David Chavern, president & CEO of the Newspaper Association of America, recently penned an opinion piece on Digiday entitled Ad blocking threatens democracy. The convoluted logic in this article illustrates a big part of why newspapers and other many news publishers continue to struggle.

It suggests that users — and their increased use of ad blockers on publishers’ websites — are the main problem, an assertion that places blame squarely on the people that publishers used to call customers and charges them with freeloading, a nice word for stealing. (We already know how well that course of action worked for the music industry.)

Pointing fingers at users is convenient because it absolves from responsibility the publishers themselves who often make a crap product no one is willing to pay for and who pollute good content and destroy UX with more ads than a NASCAR stock car.

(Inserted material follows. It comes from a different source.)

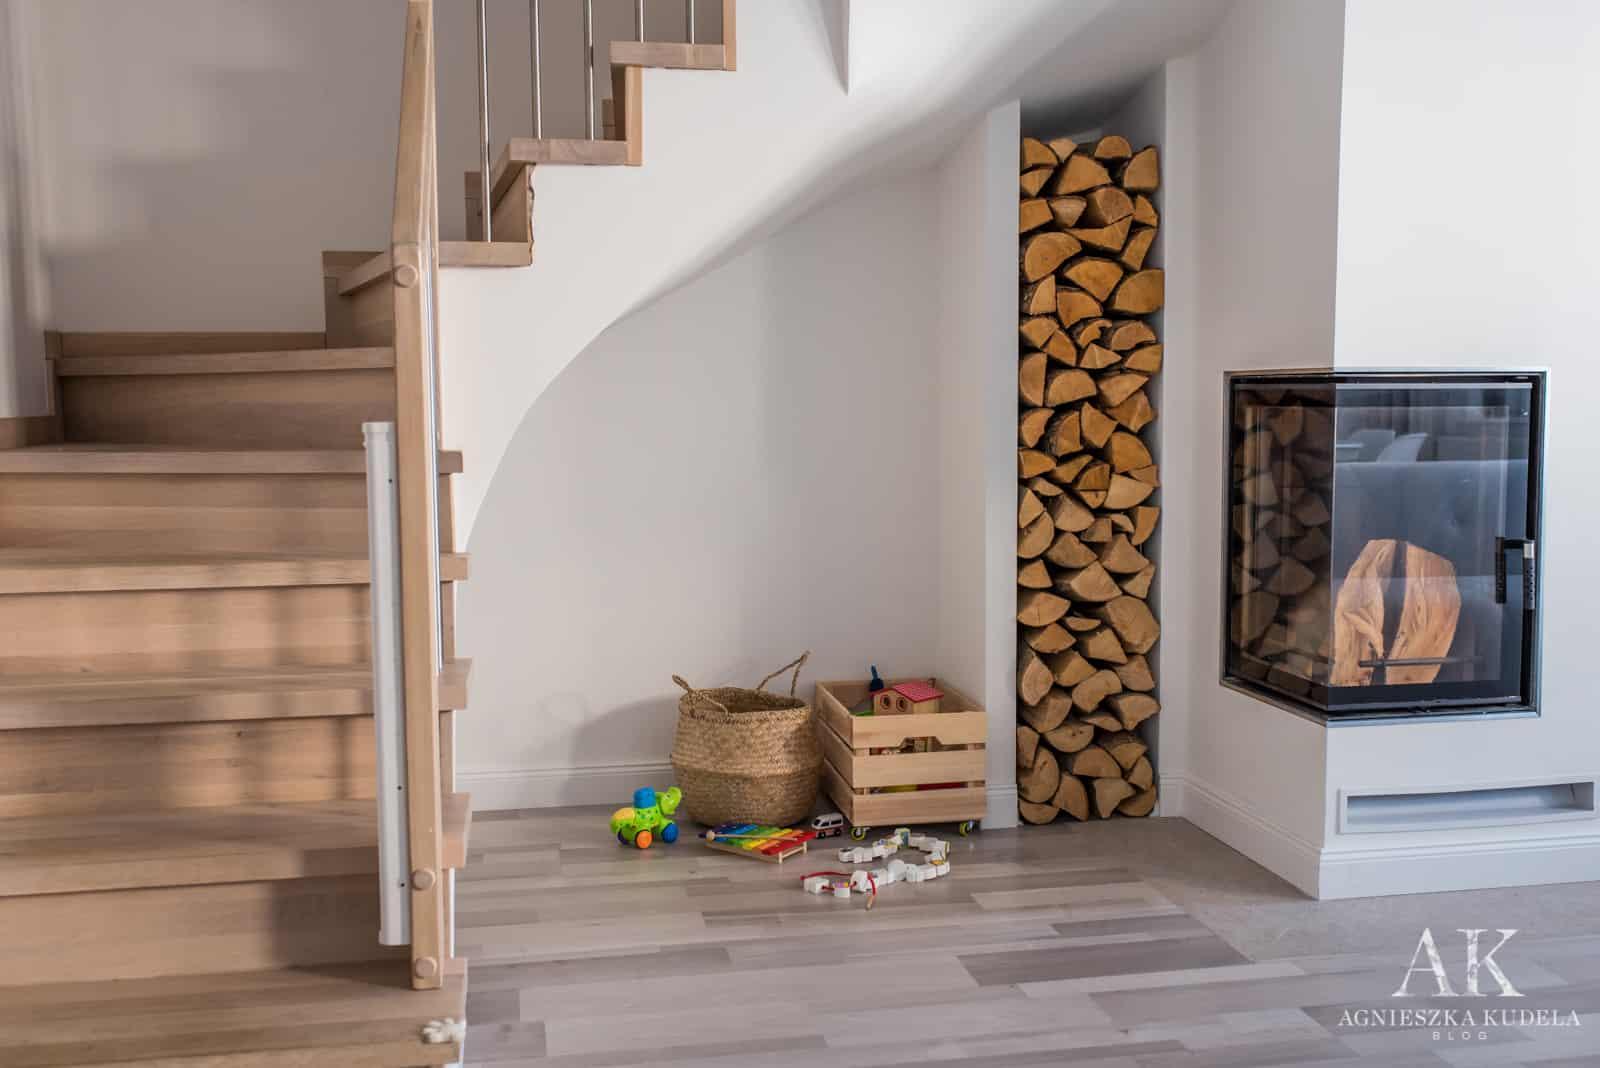 jak przechowywać drewno w salonie
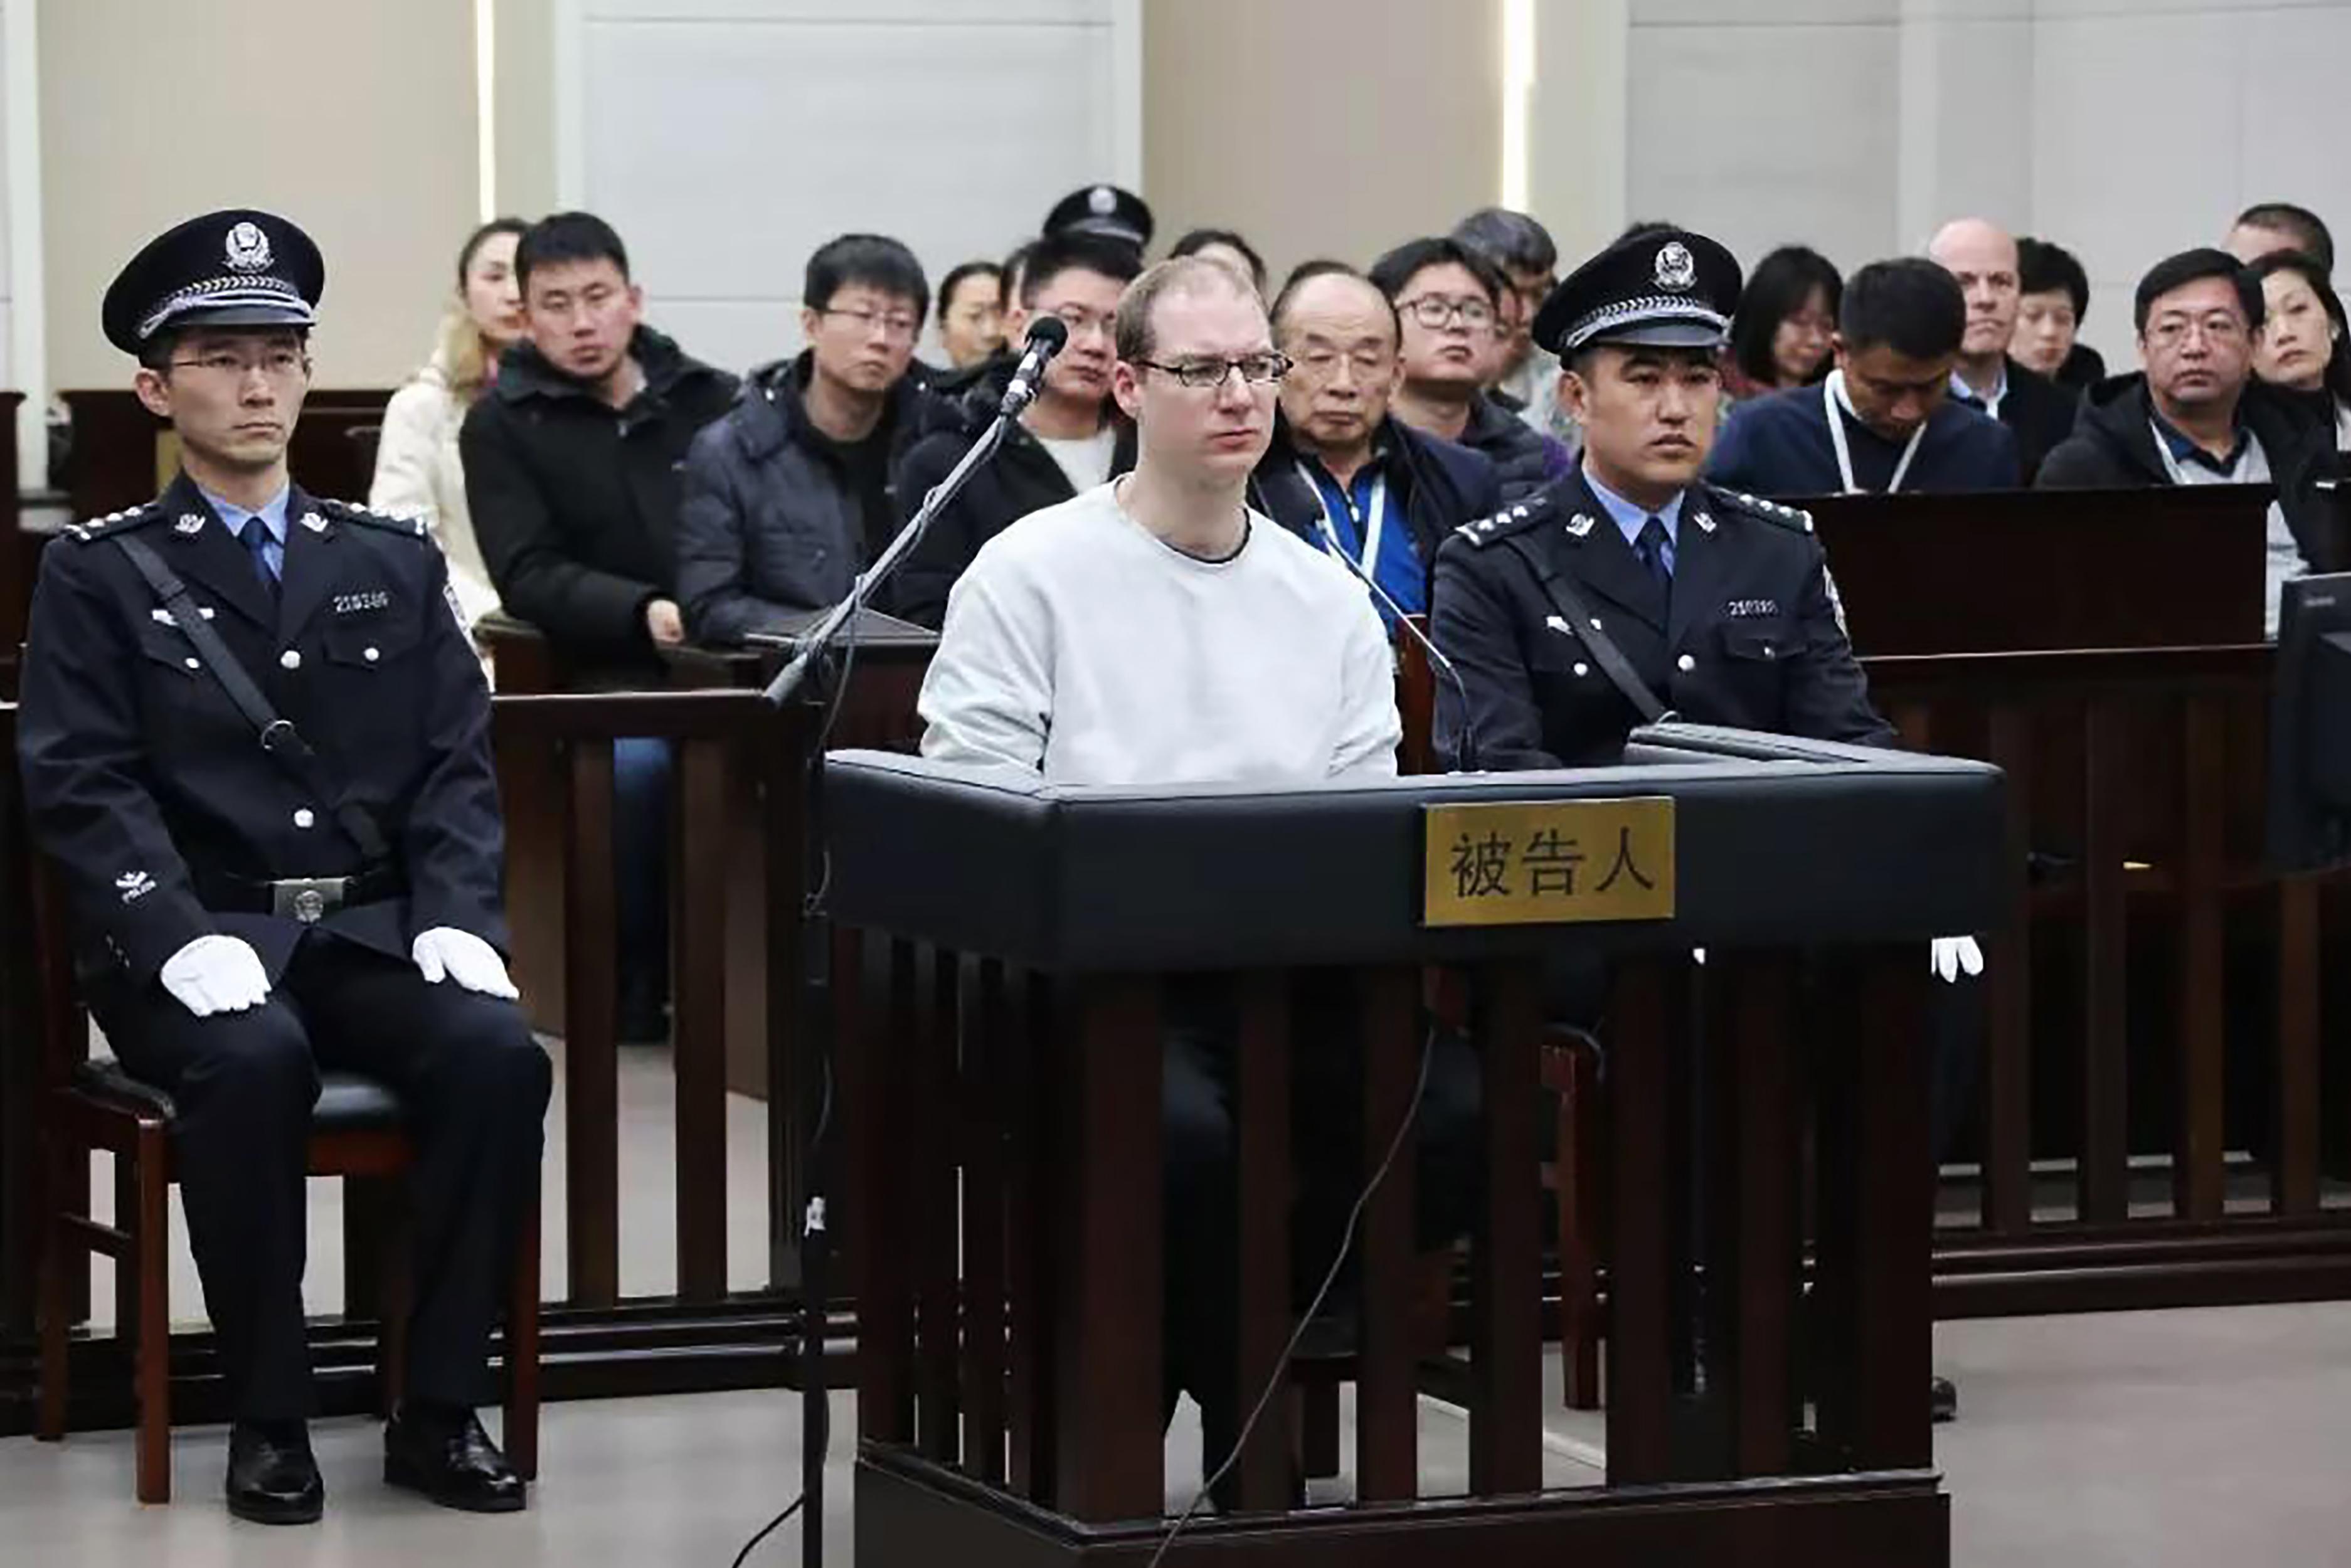 Kínában halálra ítéltek egy kanadai állampolgárt drogcsempészet miatt

And people are just sick of it. (Cue Twister Sister.)

The solution — if there is one — lies not in asking, “What do newspapers (or local TV news programs, etc.) look like in the 21st Century?” The solution lies in asking, “What does a news organization (local, national, international) look like in the 21 Century?” The latter is question is not predisposed to a particular media solution.

Answer this question correctly and then you can have discussions about content delivery mechanisms and monetization strategies, things which must first account for the needs/wants of the end user rather than the advertisers.

Netflix, Hulu, Amazon Prime, and HBO have proven that people will pay for quality content they can’t get anywhere else. So does such a thing translate to news? I don’t know.

It could be that news is now so ubiquitous that people will no longer pay for it regardless of its “quality.” And if that’s truly the case, then it’s time publishers stop pretending the ship isn’t sinking and start looking for lifeboats.